#Mollweide's proof

Guys, what are alpha and beta angles?

If you recall properties of isosceles triangle, 2 of the angles are equal

yeah i got what beta is

C/2

since A+B+C=180

and triangle ACM has an angle of A+B

okey i also got alpha is (A+B)/2

i need now what is gamma

i know it is 90 + something

something = angle of BAN

but i need it in terms of A and B, cuz i wanna apply sin theorem between c/sin(C/2) = (a+b)/sin(90+something)

nvm, it is (A-B)/2 (the something)

gamma is 90 degrees

and sorry i don't know if this is what you mean, do you constrain line AB to be tangent to the circle C? if so, then AB and AC are perpendicular. all tangent lines to a circle are perpendicular to that circle's radius at the point where the circle, the radius and the tangent line intersect.

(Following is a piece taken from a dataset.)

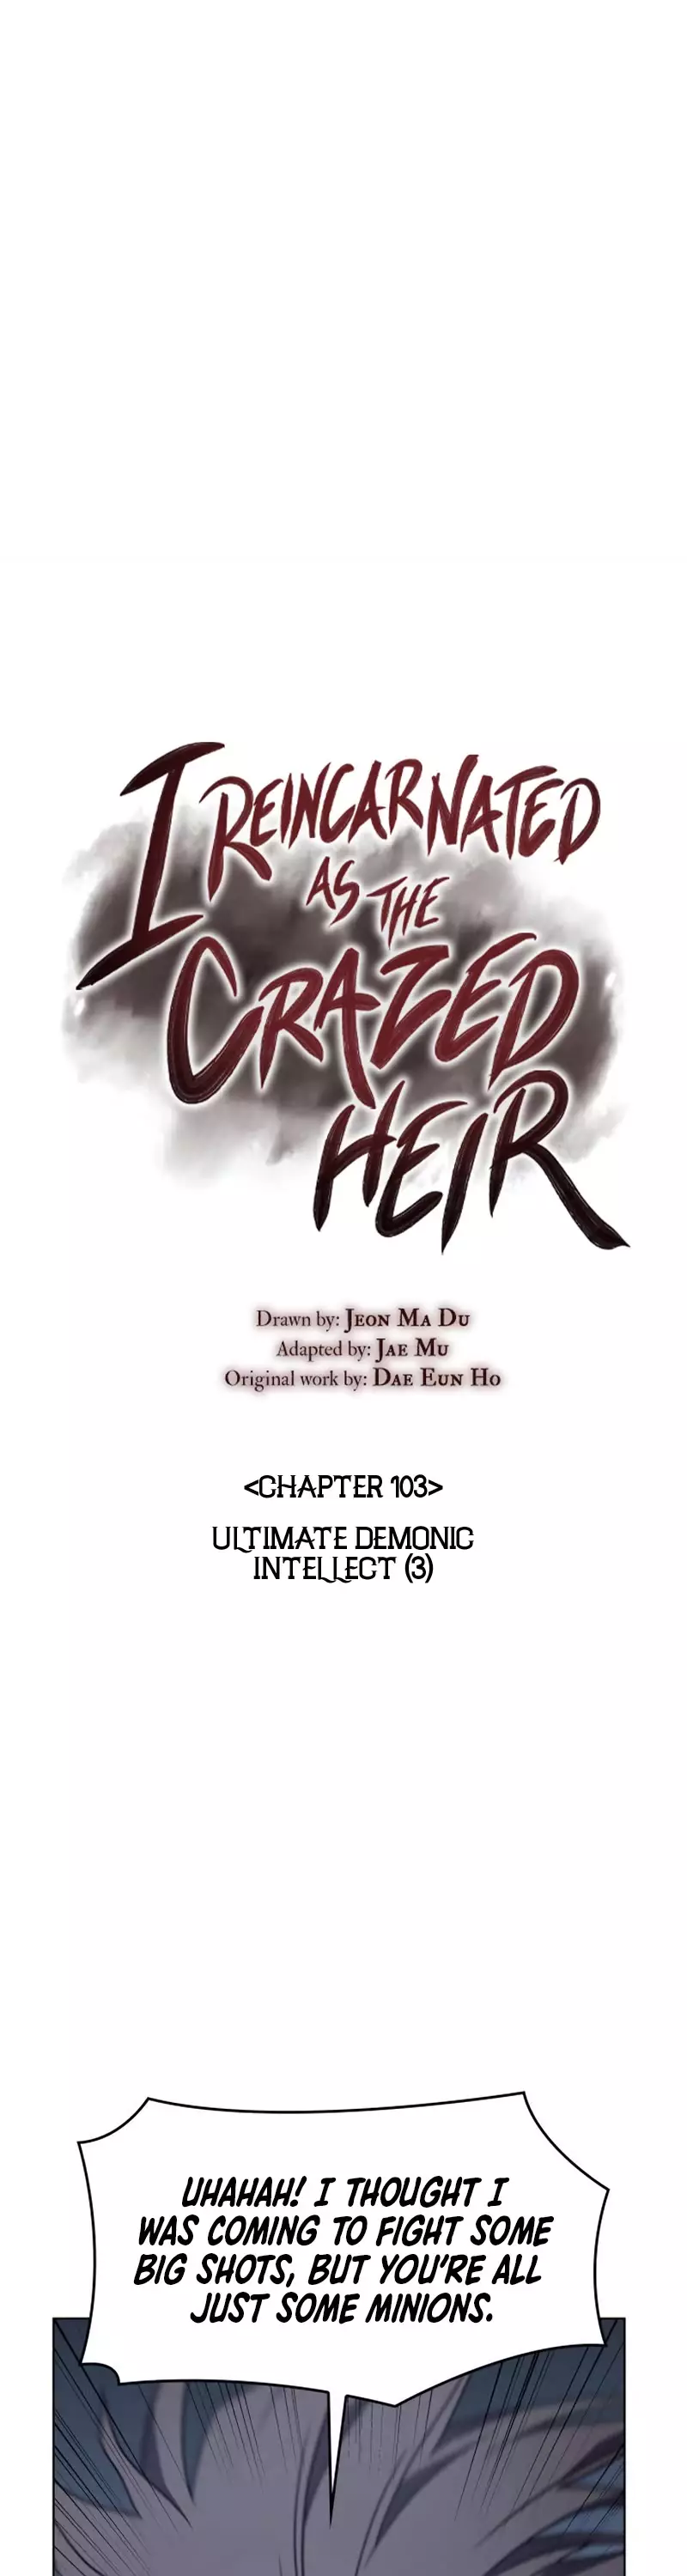 I Reincarnated As The Crazed Heir - 103 page 16-806e33d0

Oh, seems like you resolved this yourself? Good job!

no

90º is the - - - - - line

not gamma

gamma is a bit more

ah, i see. so it looks to me gamma is the angle bam?

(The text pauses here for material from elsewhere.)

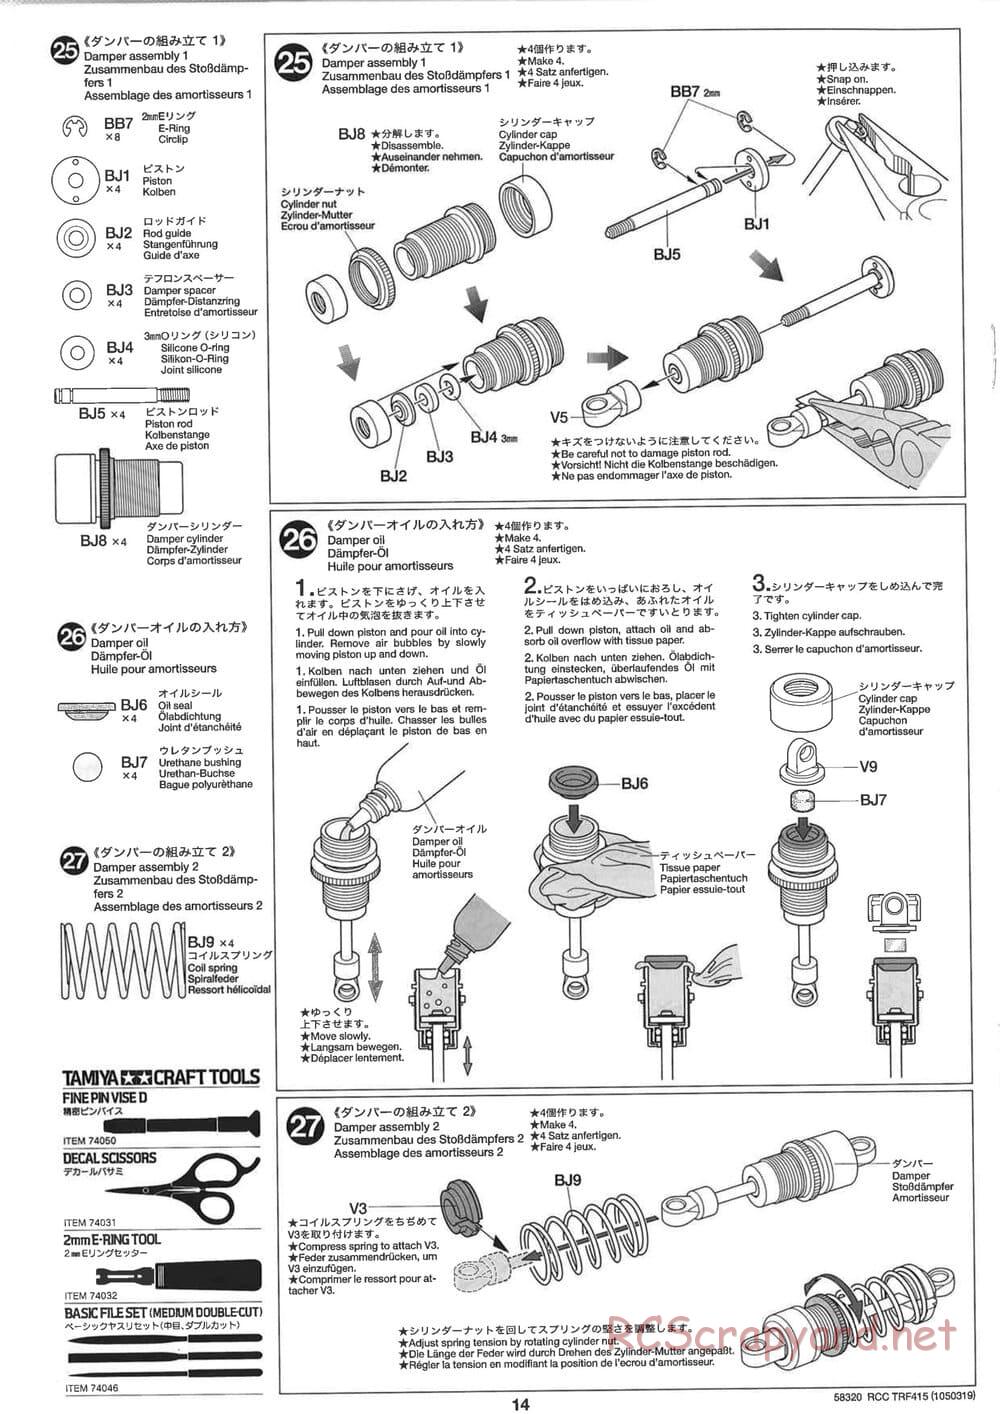 Tamiya - TRF415 Chassis - Manual - Page 14

then under the constraint (?) that BA is tangent to the circle C, i can reason that BA and BC are perpendicular. so given that the angle BCA is identical to alpha, and that beta and alpha are complement angles (this is because the triangle NAM is a right-angled triangle with the right angle at A), i reason that the angle B is identical to beta, etc. that's what i got out here at least.